Over in the delivery truck, employee Rusty Morehead knows there's no time to stop and smell the roses on Feb. 14. During the 2023 holiday, he made roughly 100 flower deliveries in one day, but he doesn't mind it. 

"That's the nice part of this job, is nobody's ever upset when you walk in with a bouquet of flowers for them," Morehead said. 

And there was certainly no shortage of bouquets to choose from. At the shop, co-owner Roger Krueger was busy juggling order after order when News 8 caught up with him. 

"It's our time of year to shine," Krueger laughed. "It's our number one season, followed by Mother's Day, of course." 

Typically, the shop sells about 200 roses a week. But on Feb. 13-14 alone, more than 1,000 roses went out the door. About 90% of them were bright red. 

"It seems to be a rose-type of year here at Milan Flower Shop," Krueger said. "Roses have done better this year than any other year. I would say our rose-based arrangements have probably doubled compared to last year, whereas other types of flowers have decreased." 

But not everything comes up smelling like roses. Inflation has been hitting the rose industry since COVID-19 hit in 2020. Now, Krueger is paying his wholesalers $0.15 more per rose stem than he was three years ago. 

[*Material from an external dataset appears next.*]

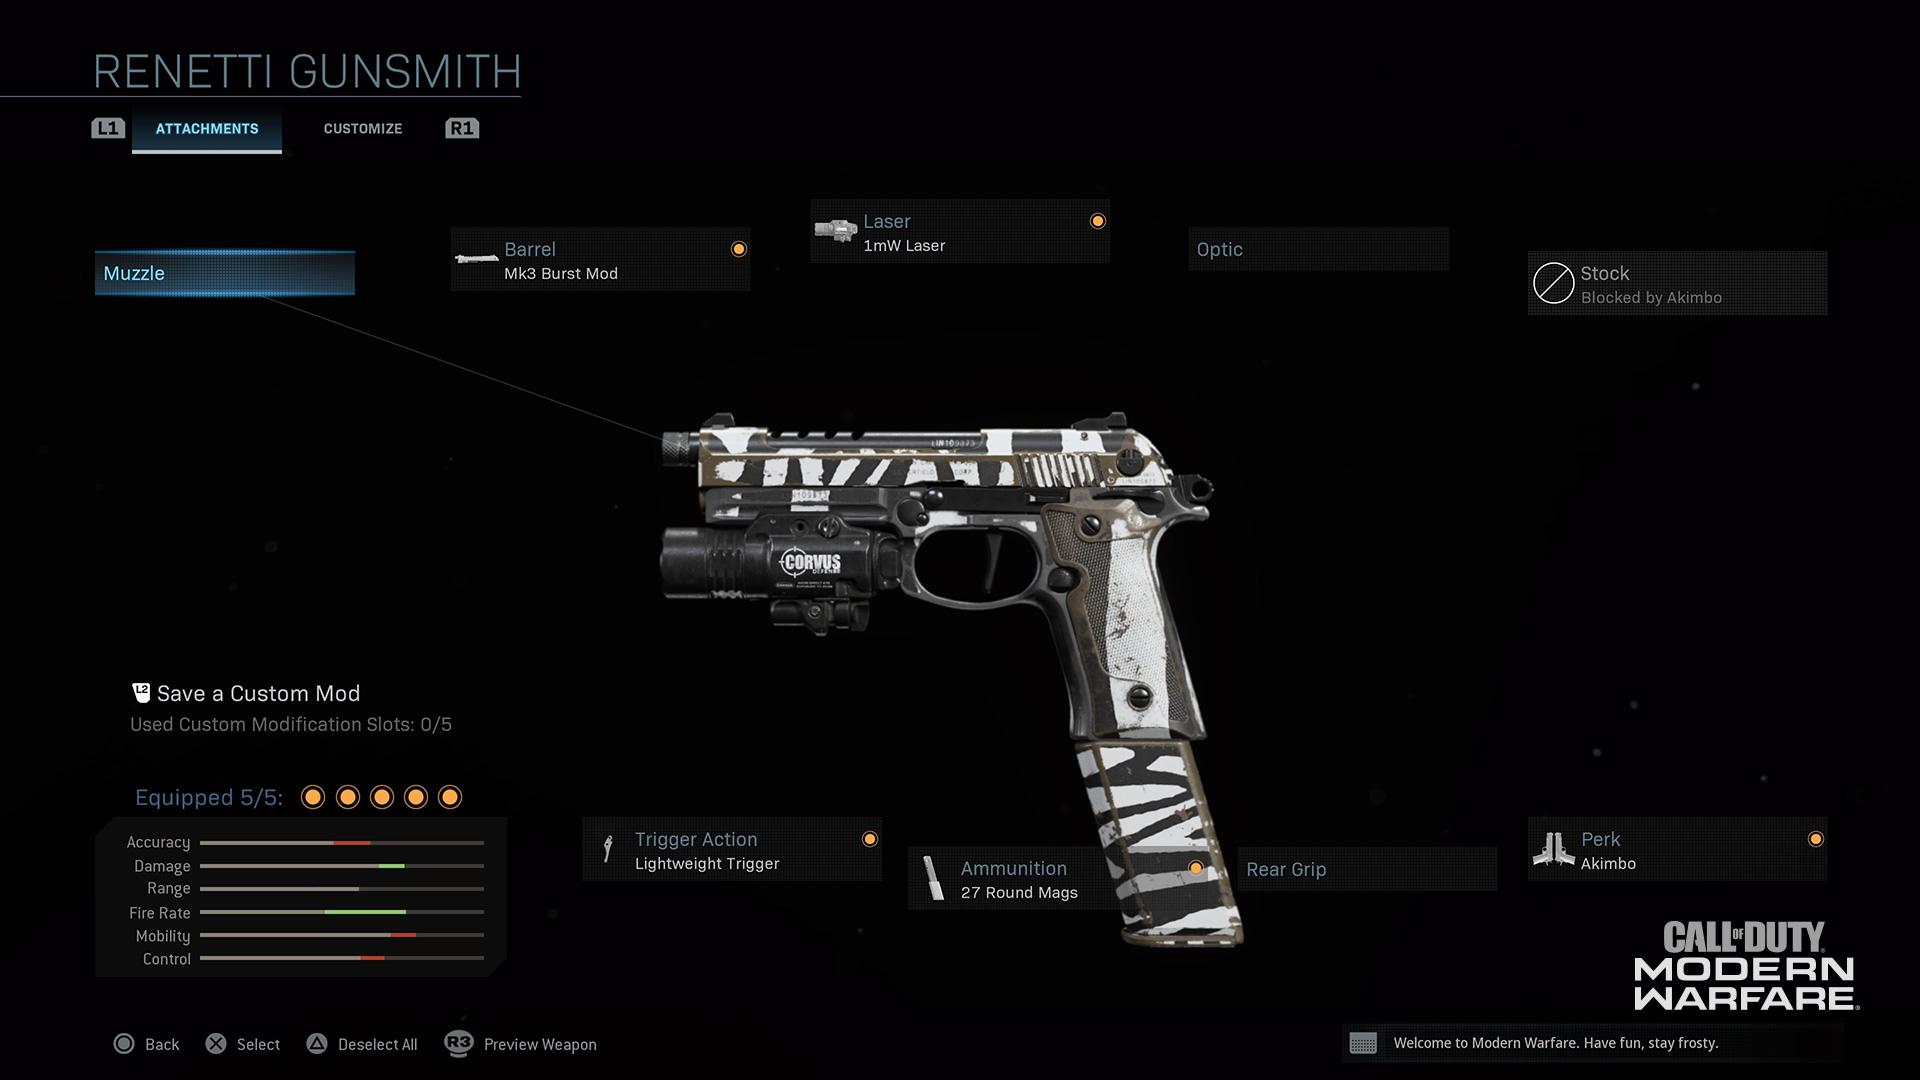 Modern Warfare® Weapon Detail: Renetti - Image 1

For customers, a pre-Covid $50 bouquet will now cost anywhere from $65-75. But Krueger is trying to ease some of that burden by still charging his customers with last year's prices. 

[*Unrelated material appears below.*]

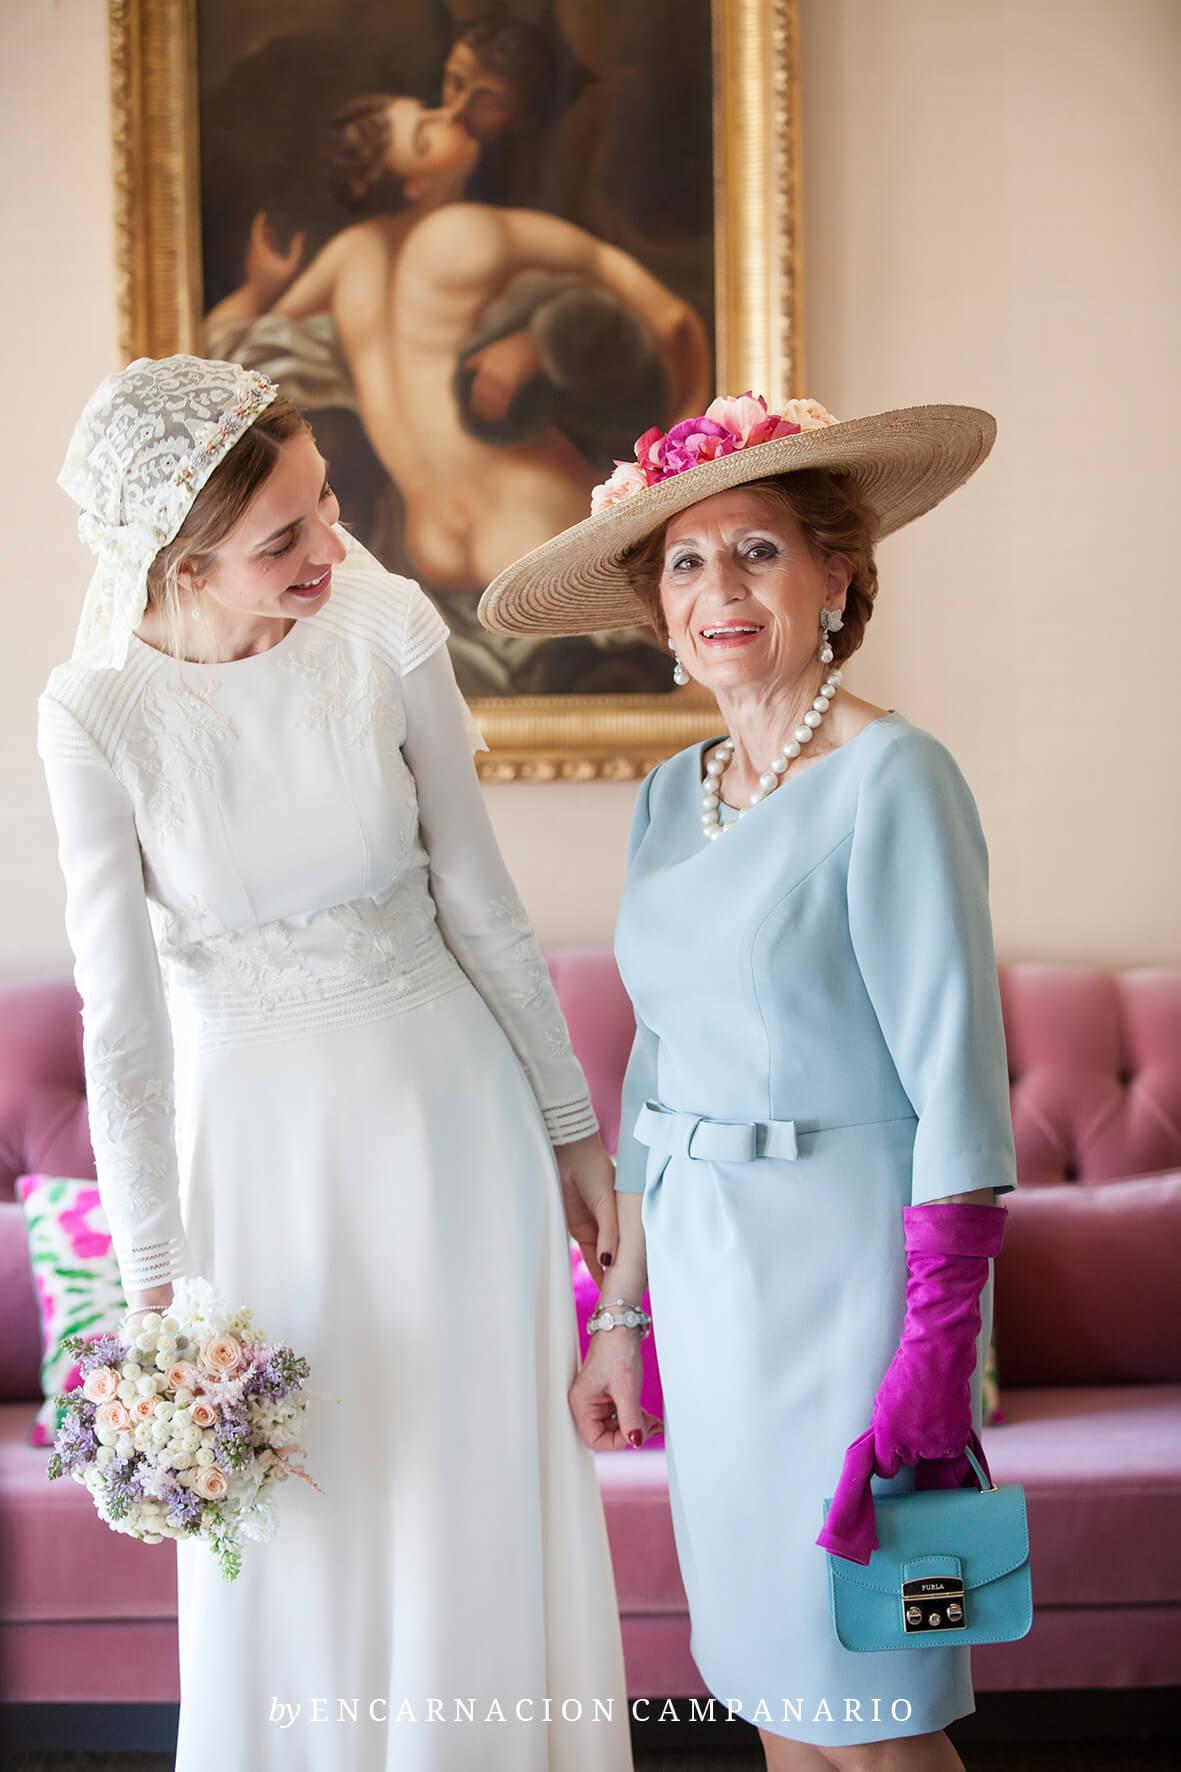 La boda de Carmina y Nacho en Jerez BODAS Sin categora

"We've kind of absorbed a lot of that cost and don't pass it on to the customer. You know, it's tough times. And we want everybody to enjoy flowers," he said. "Of course, our profit margins are different compared to where they were three years ago. But then again, our big thing here is we want everybody to enjoy some flowers." 

It's that type of service that keeps customers like Steve Wilson coming back. 

"This is my wife's favorite flower shop!" he said.

When we caught up with him, Wilson had driven all the way from Bettendorf to pick his wife up some Stargazer Lilies - her favorites. 

"I'd rate it a 10. What's more important is that my wife rates it and she's always been happy with the flowers I bring her," Wilson said. 

They say every rose has its thorn. The same is true at Milan Flower Shop, where cutting customer costs has brought the shop's profits as low as it can handle. But even without rose-colored glasses, Krueger is staying positive. 

"I want everybody to be able to enjoy some flowers. So we keep it very affordable," he said. 

It keeps customers happy and Morehead very, very busy. 

"Flowers are feel-good," Morehead smiled. "So with the economy tough, everybody wants to feel good!"